- Country: United States of America
- Location: Salisbury Township, Rowan County, near Salisbury, North Carolina
- Coordinates: 35°42′43″N 80°22′37″W﻿ / ﻿35.71194°N 80.37694°W
- Commission date: 1926
- Owner: Duke Energy

Thermal power station
- Primary fuel: Coal, Natural Gas
- Turbine technology: Steam, gas turbine
- Cooling source: Yadkin River
- Combined cycle?: Planned

Power generation
- Nameplate capacity: 369 MW, 620 MW planned

= Buck Steam Station =

Duke Energy power plant

The Buck Steam Station is a 369-MW formerly coal-fired electrical power plant, owned by Duke Energy. There are also three natural gas-fueled combustion turbines at the location that provide an additional 93 MW (and which began operation in 1970), and two natural gas-fueled combined cycle turbines are planned for the near future. Remaining coal-fired units (IDs 5-9) were decommissioned in mid-2011 and April 2013, with only natural gas units (11C and 12C) remaining.

==History==
===Steam plant===
The Buck Steam Station was built in 1926. It is named after a co-founder of Duke Energy, James Buchanan "Buck" Duke.
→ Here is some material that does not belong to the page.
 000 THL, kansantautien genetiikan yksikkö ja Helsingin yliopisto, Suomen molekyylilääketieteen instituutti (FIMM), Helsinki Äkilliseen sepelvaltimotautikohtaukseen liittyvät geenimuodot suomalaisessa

The plant was originally three units, but a fourth was added when the company bought up an order cancelled by the Pentagon.
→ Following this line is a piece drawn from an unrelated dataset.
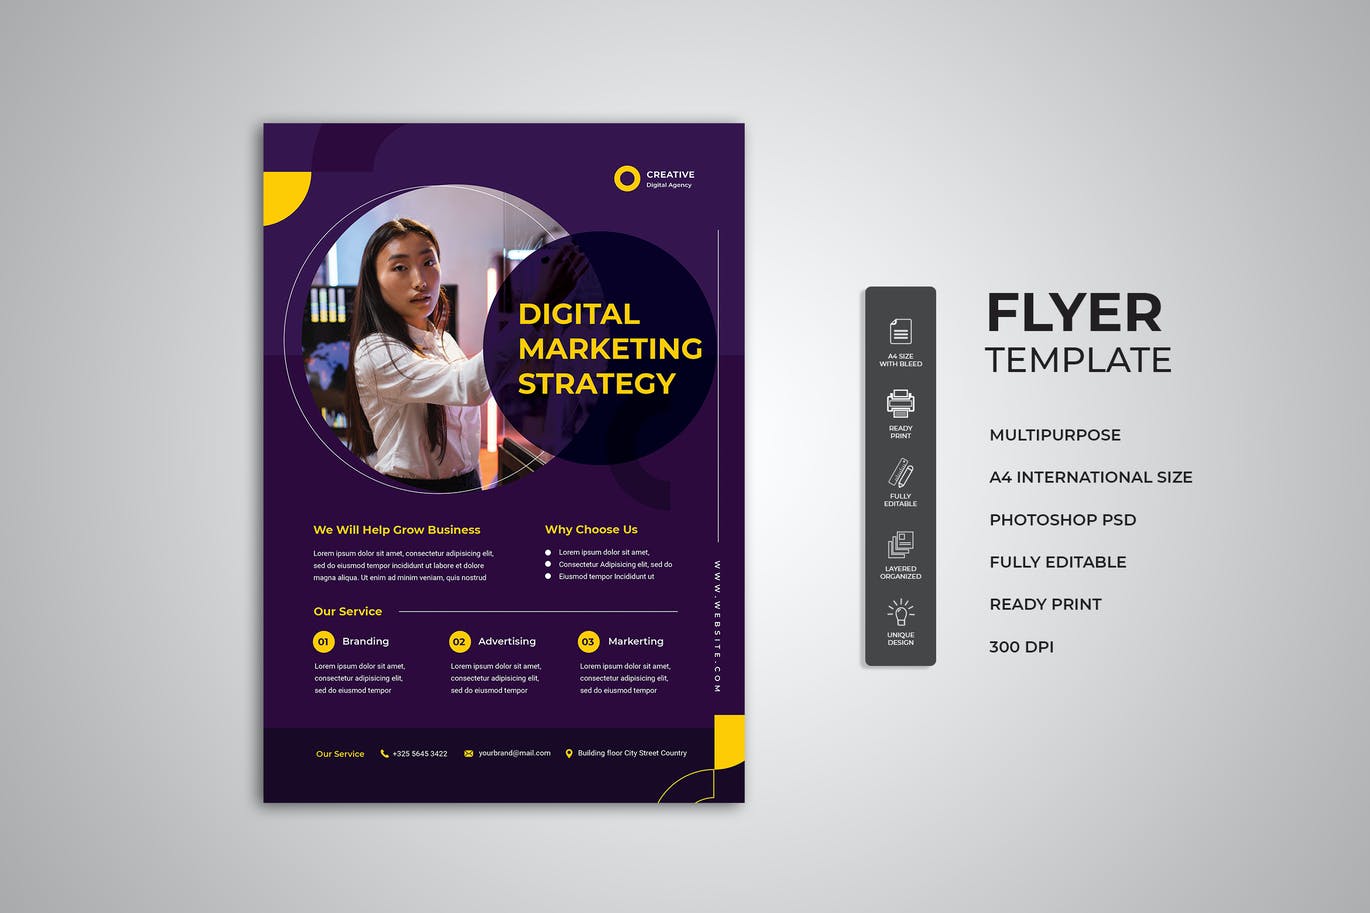 数字营销策略宣传单模板 Digital Marketing Strategy Flyer 设计素材 第1张

Dukeville, North Carolina was built as a mill village along the banks of the Yadkin River in 1926 to house plant employees of the Buck Steam Station. In 2014, Dukeville residents were told that "coal ash pits near their homes could be leaching dangerous materials into groundwater."

===Addition of combined cycle turbines===
In 2007, Duke Energy began to pursue permission to add two new combined cycle, natural gas-fired, 620 MW generating units to its fleet: one at the Dan River Steam Station in Rockingham County, the other at the Buck Steam Station. This was done in order to diversify the company's fuel sources, expand its generating capacity, and to modernize its energy generation by moving away from less efficient, more polluting coal. When the two turbines were added, two of the four older coal units were to go offline.

===Demolition===
Part of the plant was imploded in August 2018, and another section came down October 19, 2018. The decommissioning was the subject of an episode of the Smithsonian Channel's "Inside Mighty Machines".